更新时间:2026-06-29 13:07

第一章 废铁谷的维修工

锈蚀星的太阳,从来就没什么温度。

那颗垂垂老矣的恒星挂在铁灰色的天空上,像枚生锈的铜板,洒下的光苍白无力,照不暖遍布金属垃圾的大地。风是永不停歇的,卷起漫天铁砂和辐射尘,打在生锈的机甲外壳上,发出沙沙的声响,像是这颗星球垂死的喘息。

林风从一堆报废的灵能炉里抬起头,抹了把脸上的油污。他蹲在这片被称为“废铁谷”的垃圾场深处已经三个小时,就为了拆一个还能用的二级能量导管。客户老陈要得急,他儿子小豆子下个月就满十八,按照锈蚀星的规矩,成年男子要么下矿,要么参军——如果不想早死,最好的出路是考取机甲师执照,哪怕是最低级的民用执照。

而考执照,需要一台能动的机甲,最次也得是铁驭Ⅰ型。

老陈攒了三年,只够买台三十年前就该报废的铁驭Ⅰ型残骸,还缺小半零件。林风答应帮他修,不收工钱,只要零件成本。在这颗被联邦遗忘的工业星球上,贫民窟的孩子们想摸到机甲,比摸到天空城那些老爷们的脚趾还难。

“找到了。”林风眼睛一亮,从一堆融化变形的管线里抽出一截半米长的银色导管。表面有焦痕,但内部能量回路基本完好,清理后应该能用。他小心地放进背后的帆布工具袋,又扫视周围。

废铁谷是锈蚀星第七区最大的垃圾填埋场,堆积着从矿场、工厂、甚至军方淘汰下来的各种金属垃圾。生锈的机甲骨架像巨兽的尸骸,半埋在地里;报废的悬浮车堆成小山;破损的灵能炉像被掏空的心脏,散落各处。空气里弥漫着机油、铁锈和某种化学制剂混合的刺鼻气味,但林风早就习惯了。

他在这里长大。父母是第七矿区的钻探工,在他十六岁那年,矿区发生塌陷,两台正在作业的工程机甲和十七个工人被埋在了三百米深的地下。救援队来了,但只挖了三天就宣布放弃,说深度太深,辐射超标,不值得再投入资源。

林风记得自己当时跪在矿区外,看着那台锈蚀斑斑的“矿工Ⅲ型”救援机甲掉头离开,巨大的机械足踏起漫天烟尘。他对着机甲嘶吼,求他们再挖一天,就一天。但机甲没有回头。

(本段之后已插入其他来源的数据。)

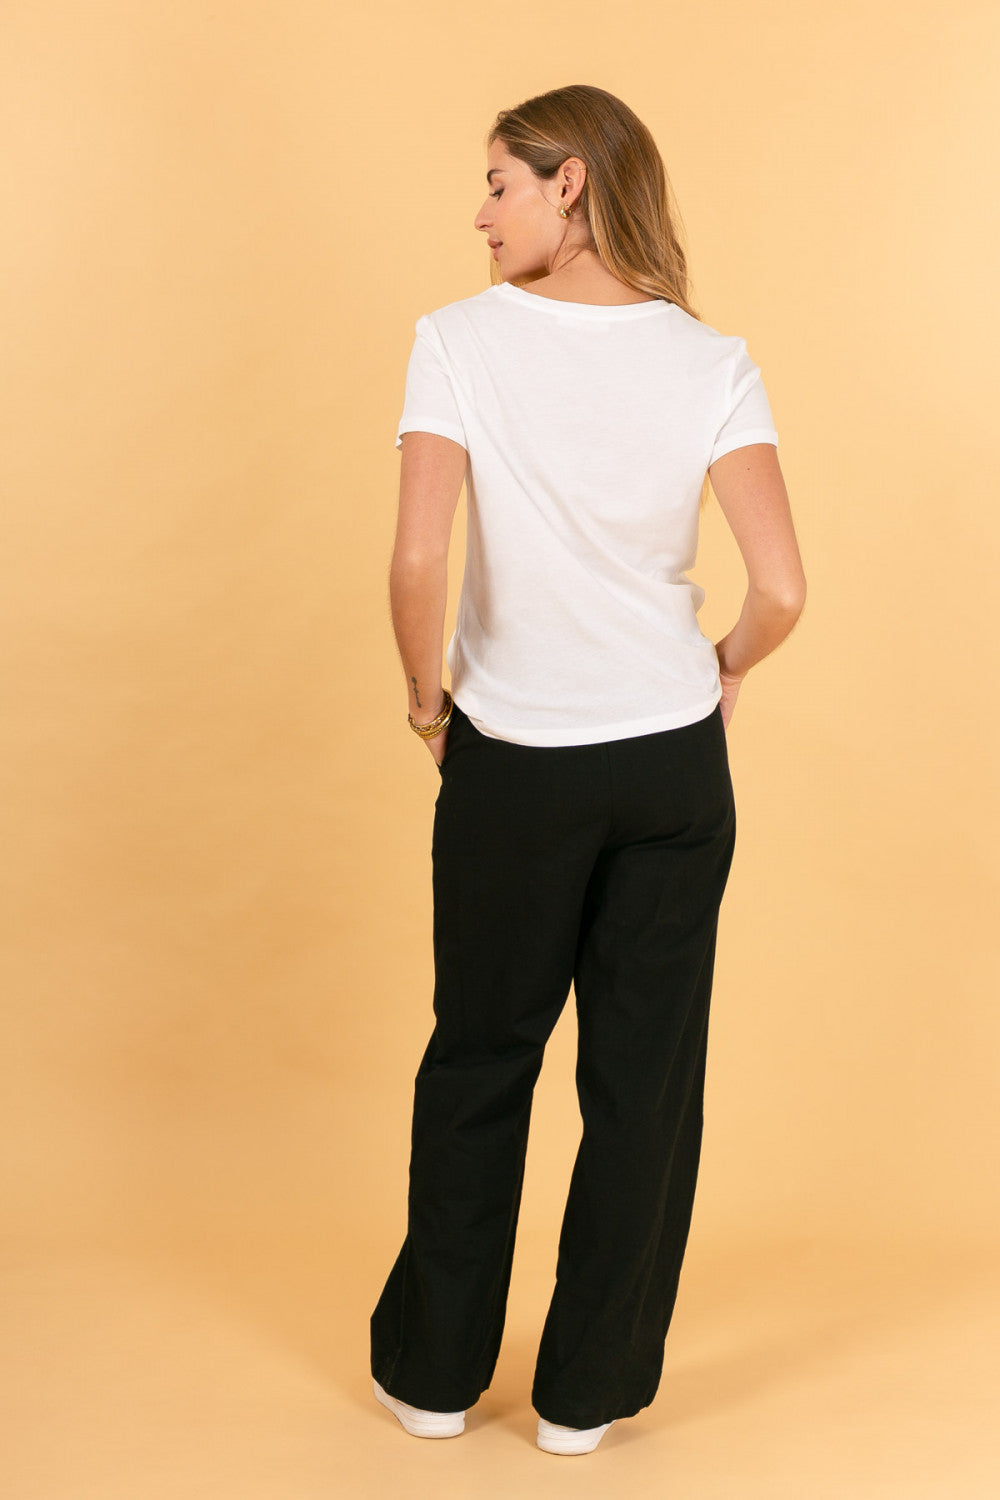 pantaloni cotone, color nero a vita alta con bottoni centrali

从那天起,他就发誓要开机甲。不是这种笨重迟缓的工程机甲,是真正的、能战斗能救援的机甲。他要变得足够强,强到下次再有人被埋在地下时,他能用机甲的巨手挖开岩石,而不是跪在外面无力地哭喊。

但他买不起机甲,连最基础的训练都用不起。他只能捡垃圾,拆零件,自己琢磨修理。好在父母留下的小维修铺还能糊口,加上他好像有点这方面的天赋——那些复杂的能量回路图,他看几遍就能记住;机甲关节的故障,他听声音就能猜个大概。

四年下来,他成了废铁谷有名的“破烂王”,能用手头有限的工具和垃圾堆里淘来的零件,让一堆废铁重新动起来。虽然动起来之后能撑多久不好说,但至少能动。

“该回去了。”林风看了眼手腕上的老式机械表——父母留下的遗物之一,表盘玻璃裂了,但指针还在走。下午四点,再过一个小时,辐射尘暴就要来了,得在那之前赶回维修铺。

他背起工具袋,踩着吱嘎作响的金属垃圾,深一脚浅一脚地往谷外走。工具袋很沉,里面除了那截导管,还有几块还算完整的装甲板、一捆绝缘线、几个二手传感器,都是他从垃圾堆里淘出来的宝贝。在锈蚀星,这些东西就是钱。

走到谷口时,他停下脚步,看向右侧那片被称为“禁区”的区域。那里堆放着百年前锈蚀星还是工业中心时留下的重型机械残骸,大部分都半埋在土里,锈得看不出原貌。据说下面有未爆的灵能炸弹,还有强辐射,连拾荒者都不敢靠近。

但林风最近几次来,总感觉那片区域有点不对劲。不是声音或气味,是一种……感觉。仿佛有什么东西在呼唤他,很微弱,但持续不断。他曾壮着胆子靠近过边缘,看见一台造型奇特的机甲半埋在土里,口有个从没见过的徽记:燃烧的翅膀环绕长剑。他拆了徽记旁边一个小零件,回去后研究了很久,也没在数据库里找到匹配的型号。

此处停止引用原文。